Although not strictly speaking financial requirements, (re)insurers are subject to specific rules in relation to their investments, which must comply with the ‘prudent person’ principle and additional specific rules (as the case may be).

Personnel qualifications

Are personnel of (re)insurers subject to any professional qualification requirements?

(Re)insurers must ensure that all persons effectively running the undertaking or having other key functions fulfil the specific requirements applicable to them at all times.

Requirements for insurers Persons managing and administering insurers (including members of the board and key function holders) are subject to integrity and professional capacity requirements. To assess whether such conditions are fulfilled, the ACPR will take into account the training and professional experience acquired by such persons, including as a board or committee manager.
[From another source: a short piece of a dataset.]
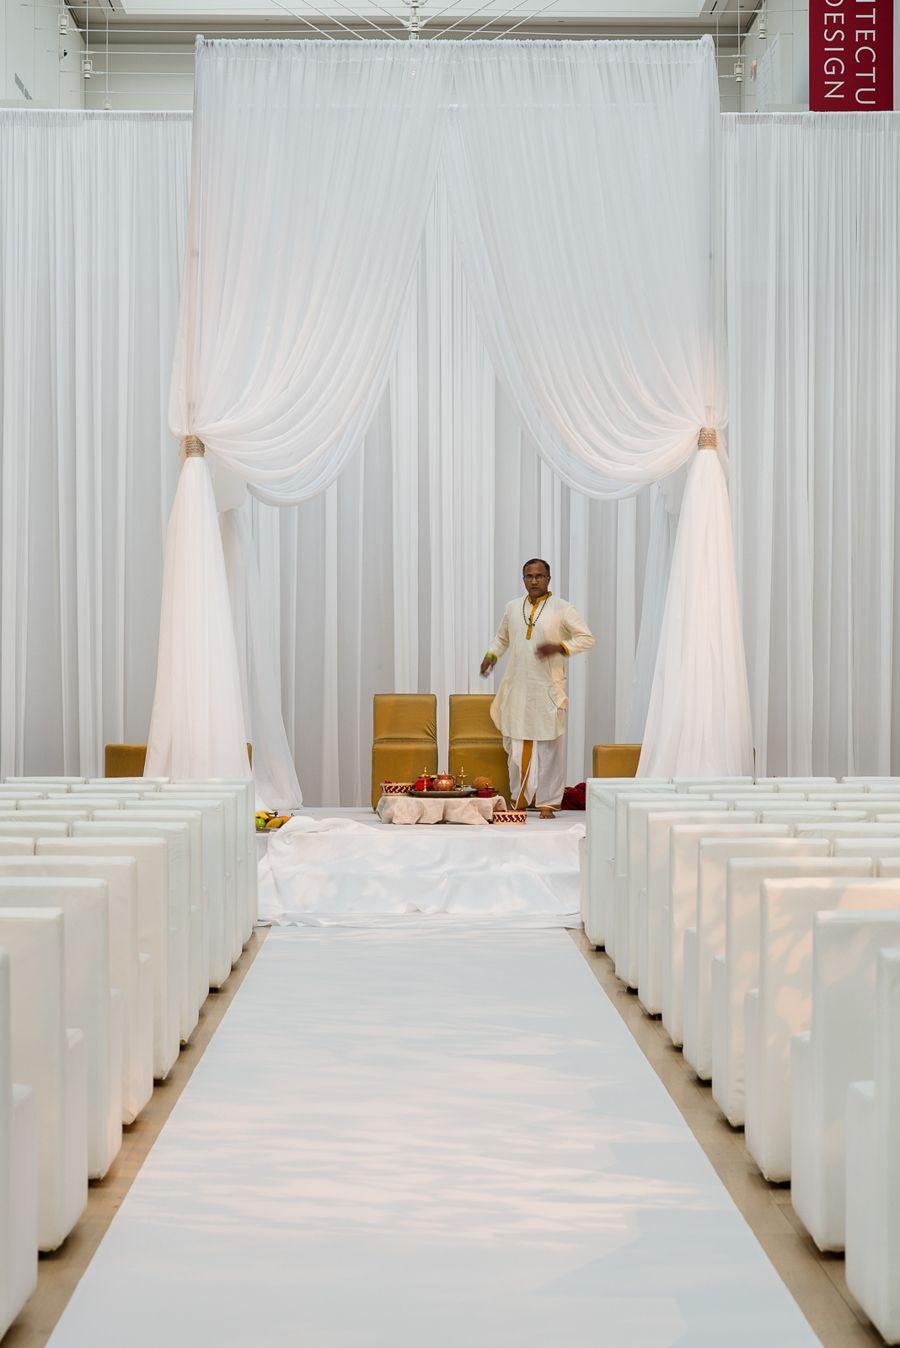 Beautiful Wedding Decor Chicago Images - The Wedding Ideas ...

Where a person has exercised previous mandates, competence is presumed from his or her past experience.

Requirements for reinsurers Similar professional qualifications as those applicable to insurers apply to persons managing and administering reinsurers (including members of the board and key function holders).

Business plan

What rules and requirements govern the business plans of (re)insurers?

As part of the licence application, (re)insurers must submit a business plan (also known as a ‘scheme of operations’), including:

  • detailed projections on revenue, losses, technical results, net results, technical provisions and solvency data;
  • a description of contemplated activities (eg, the nature of the risks covered, target clients, prices, distributions modalities and contemplated reinsurance programme); and
  • the administrative, technical and financial resources.

For three years following authorisation, the (re)insurer must provide the ACPR with an update each semester on its progress towards implementation of the scheme of operations.

Risk management

What risk management systems and procedures must (re)insurers adopt?

Pursuant to the Solvency II Directive, (re)insurers must have in place an effective risk-management system comprising strategies, processes and reporting procedures necessary to identify, measure, monitor, manage and report – on a continuous basis – the risks at an individual and aggregated level, to which they are or could be exposed, and their interdependencies. In particular, the risk-management system must comprise policies addressing:

  • underwriting and reserving;
  • asset liability management;
  • investments;
  • liquidity and concentration risk management;
  • operational risk management; and
  • reinsurance and other risk-mitigation techniques.

The risk-management system must be effective and well integrated in the organisational structure and decision-making processes, and a risk-management function – structured in such a way as to facilitate the implementation of the risk-management system – must be provided for.

Reporting and disclosure

What ongoing regulatory reporting and disclosure requirements apply to (re)insurers?

(Re)insurers are subject to numerous reporting requirements, mainly stemming from the Solvency II Directive – Pillar 3 requirements. Some of these requirements can be fulfilled by the parent company on behalf of the group. For example, the Own Risk and Solvency Assessment  and the Solvency and Financial Conditions Report can – subject to prior ACPR authorisation – cover the group and the totality or a subsection of the entities comprising the group. Other reports, including the Regular Supervisory Report and the Actuarial Report, must be filed both on a solo basis and at group level; while the National Specific Statements must be prepared on a solo basis only.

Other requirements

Do any other operating requirements apply in your jurisdiction?

The ACPR has issued numerous recommendations which directly impose operating requirements on (re)insurers and additional reporting obligations (eg, in relation to unclaimed life insurance contracts) may apply.


What are the consequences of non-compliance with the operating requirements applicable to (re)insurers?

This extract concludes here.